··· Available data

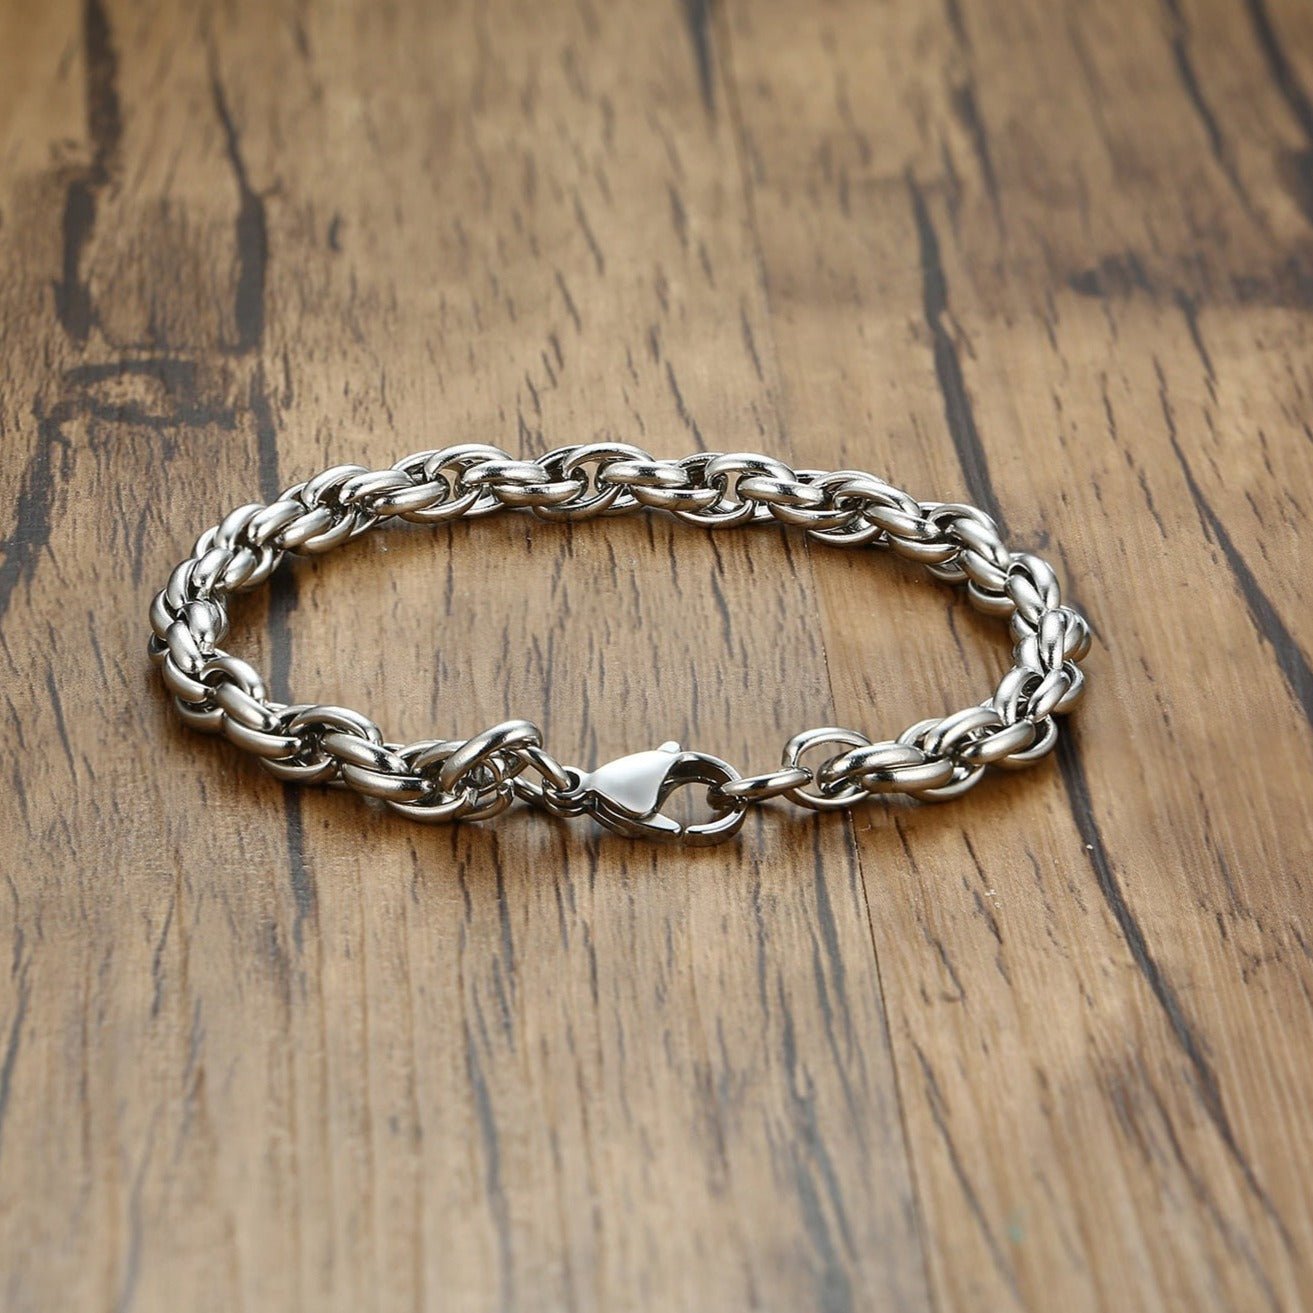 Clavio Twisted Rope Chain Bracelet - BERML BY DESIGN JEWELRY FOR MEN
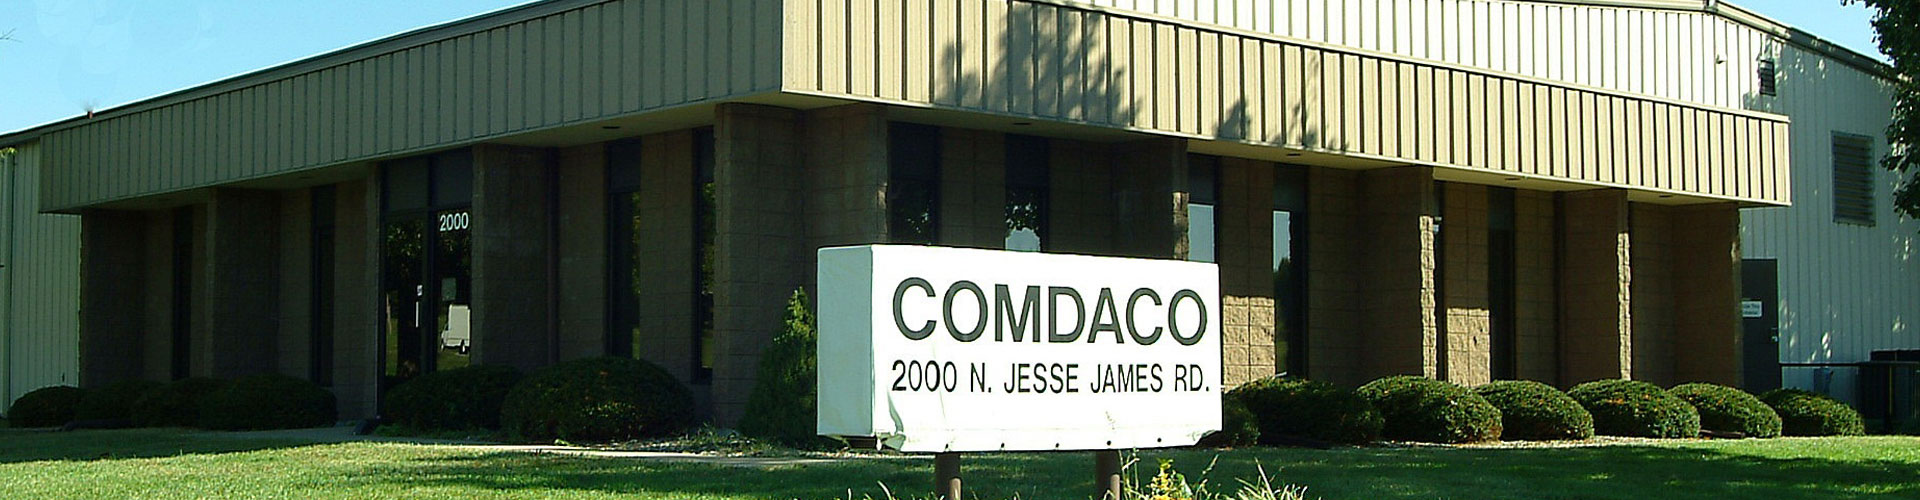 Terms and Conditions for Comdaco Rubber Manufacturing Services in Kansas City Missouri
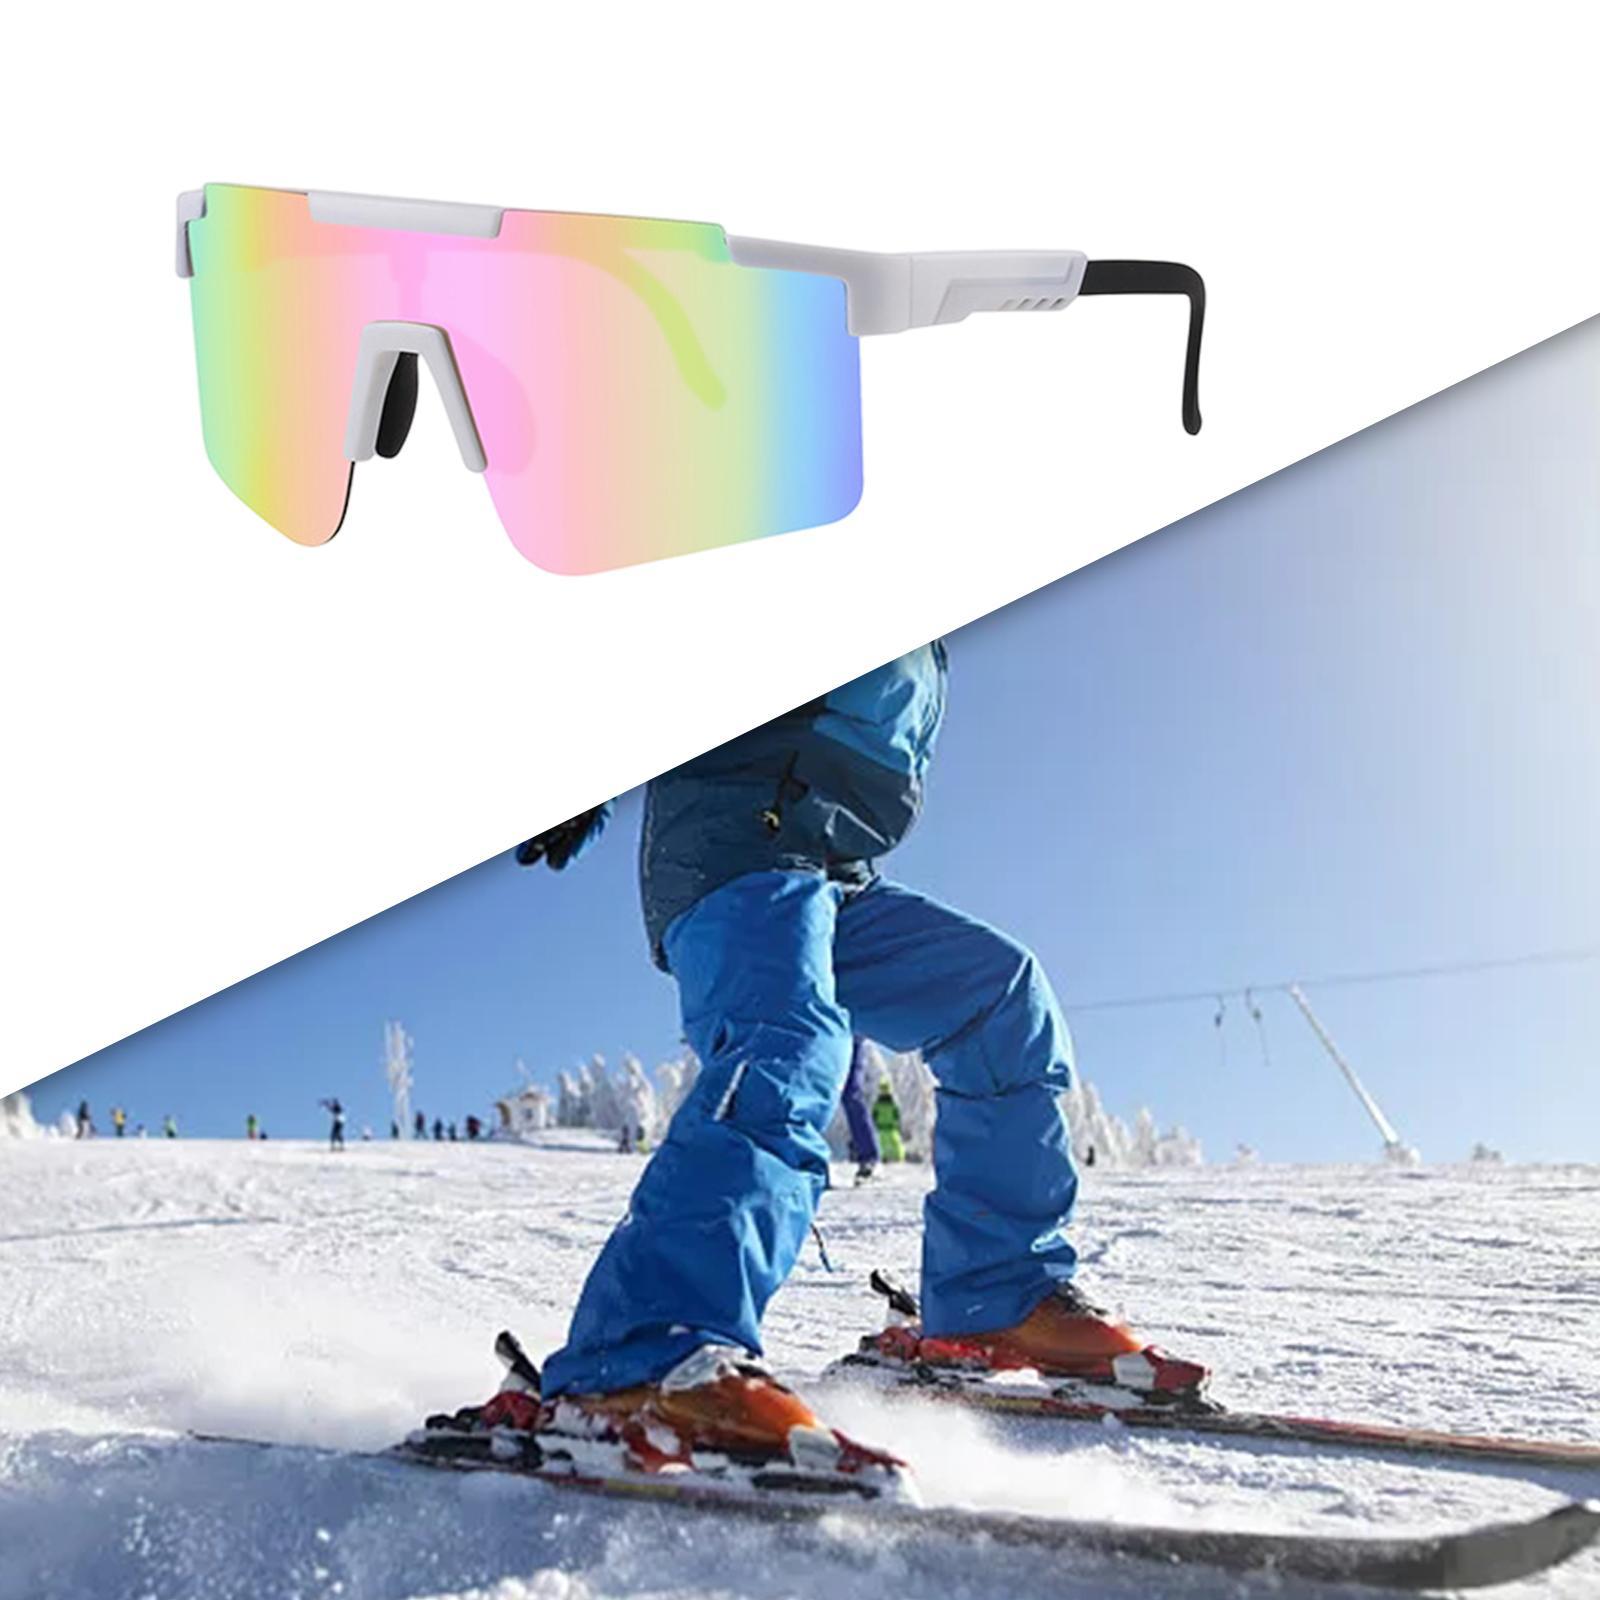 Polarized Sunglasses for Men and Women Cycling Sunglasses for Running Biking
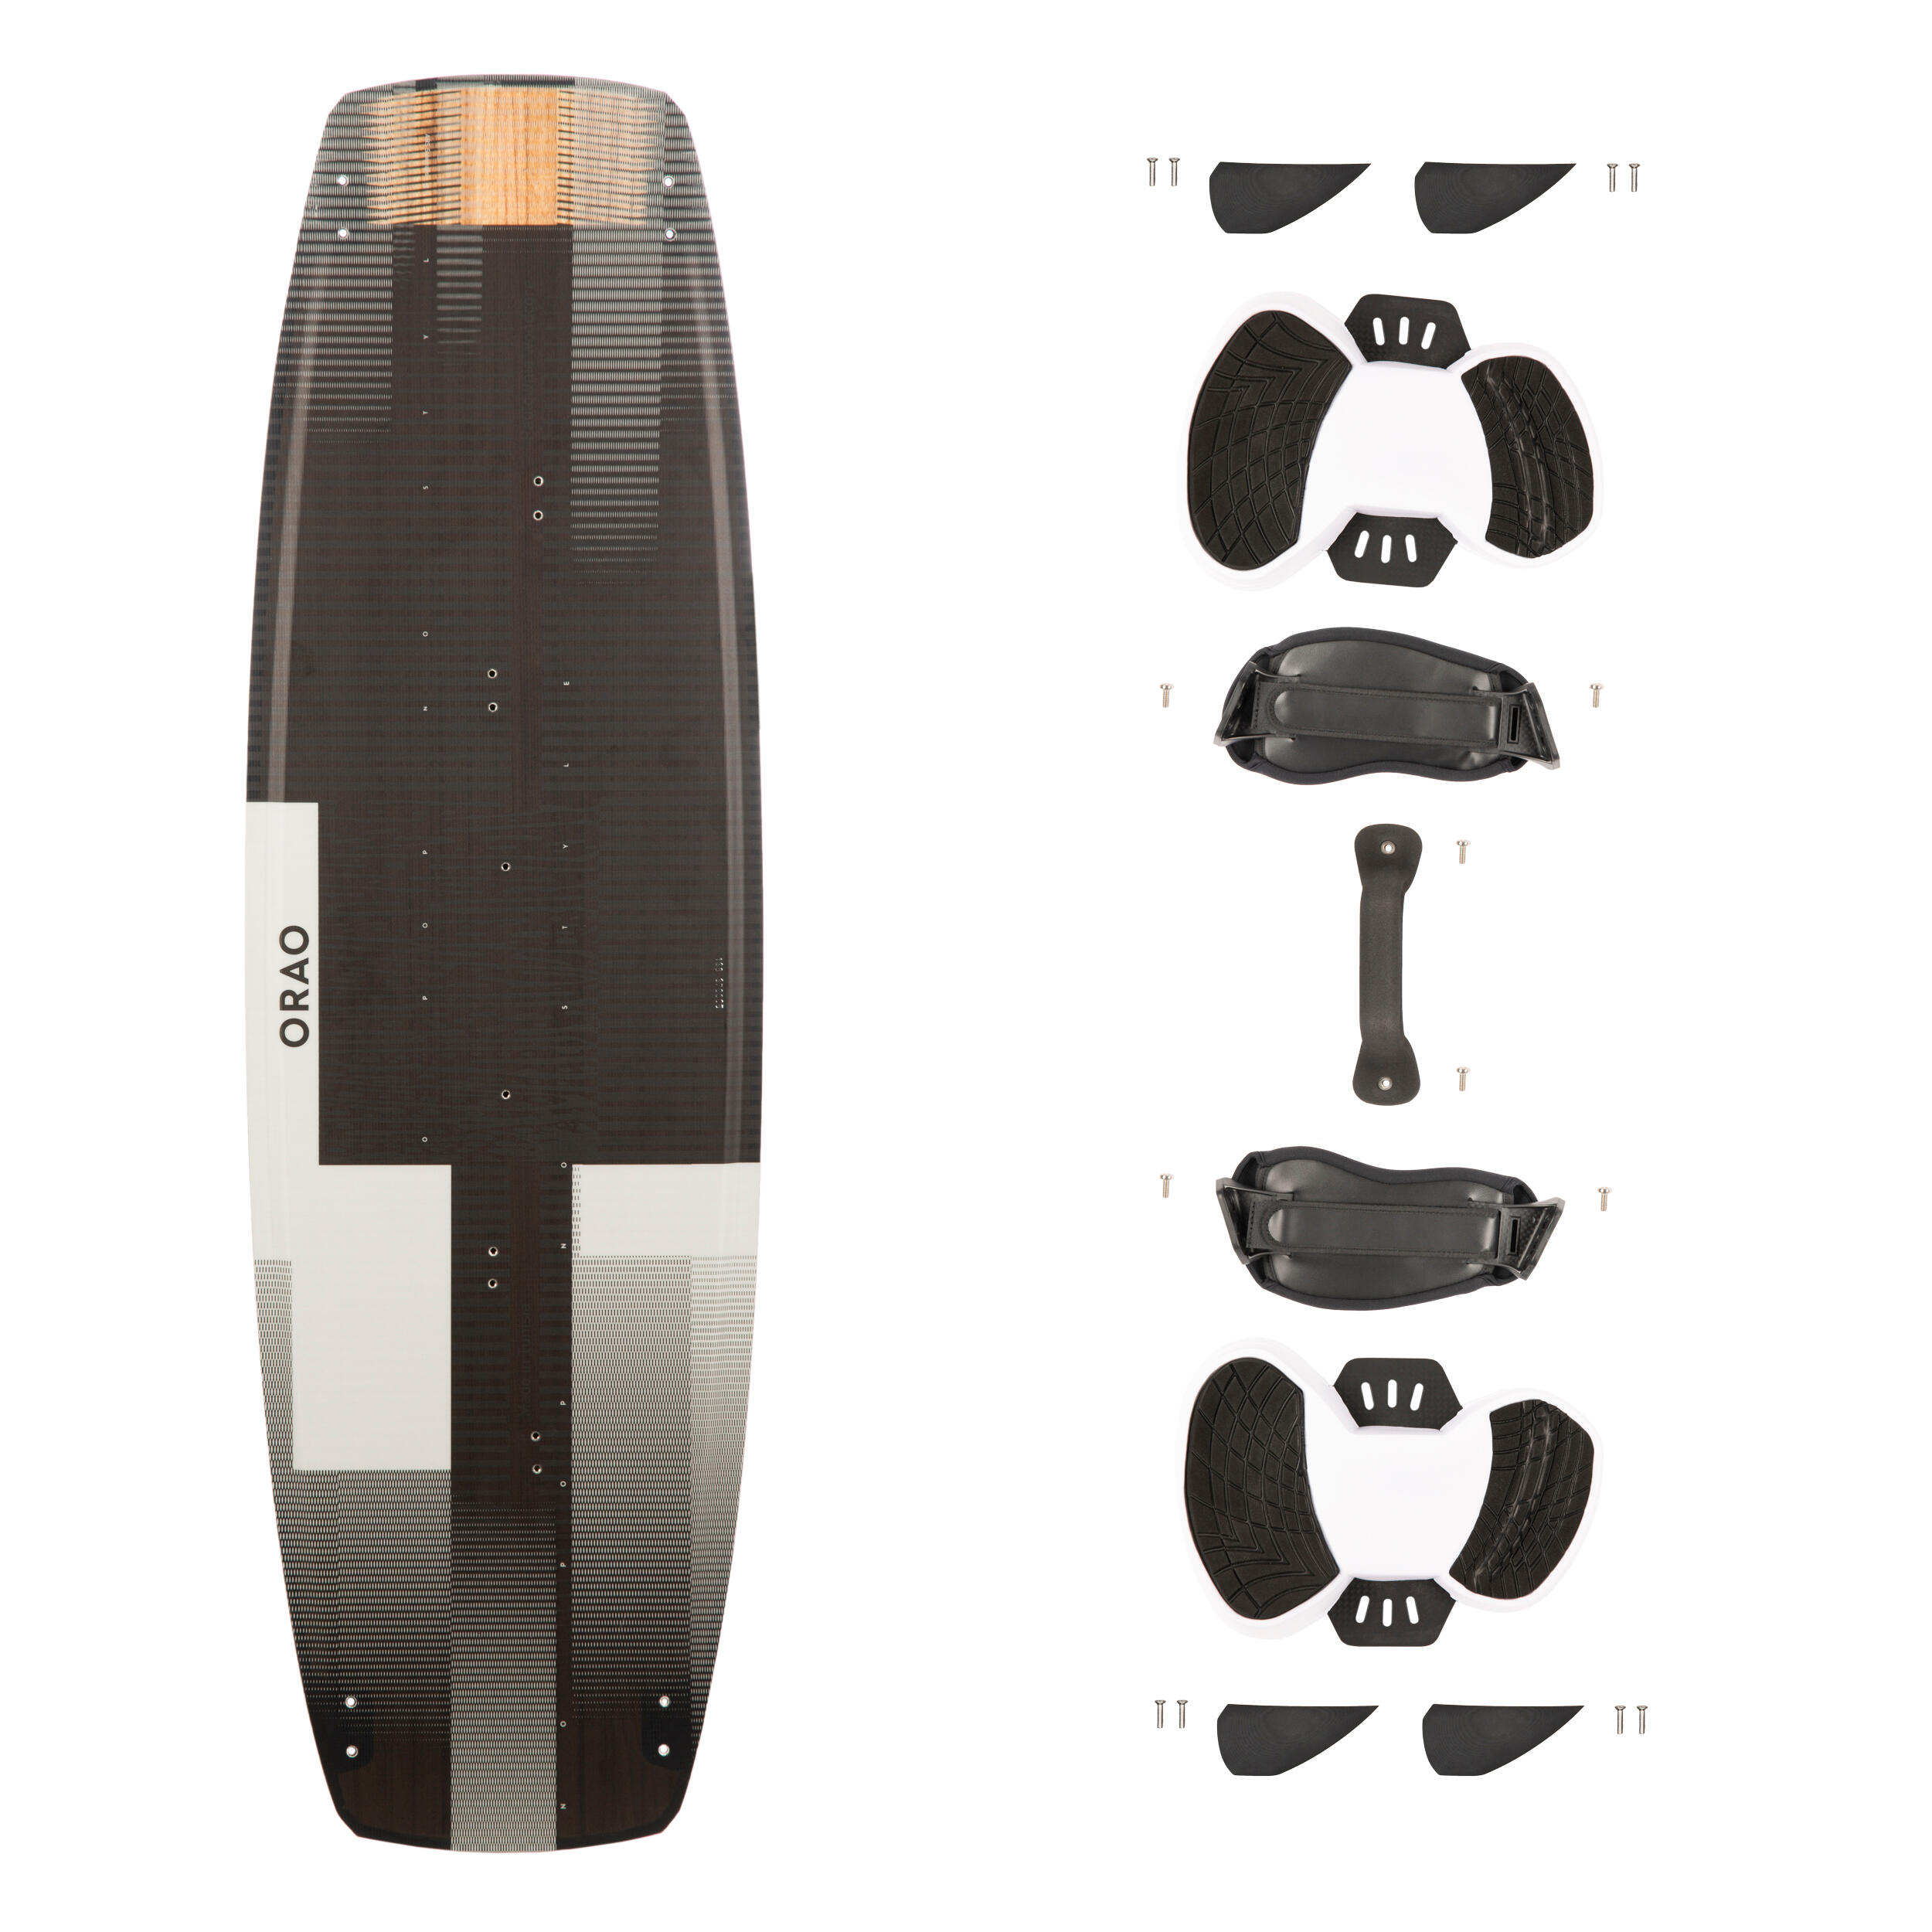 Twintip carbon kitesurf board 138 x 41 cm (pads and straps included) - TT500 1/18

······

### Task
The full data, repeated exactly and stripped of its pictures, is the expected answer.

### Answer section
 Clavio Twisted Rope Chain Bracelet - BERML BY DESIGN JEWELRY FOR MEN
 Terms and Conditions for Comdaco Rubber Manufacturing Services in Kansas City Missouri
 Polarized Sunglasses for Men and Women Cycling Sunglasses for Running Biking
 Twintip carbon kitesurf board 138 x 41 cm (pads and straps included) - TT500 1/18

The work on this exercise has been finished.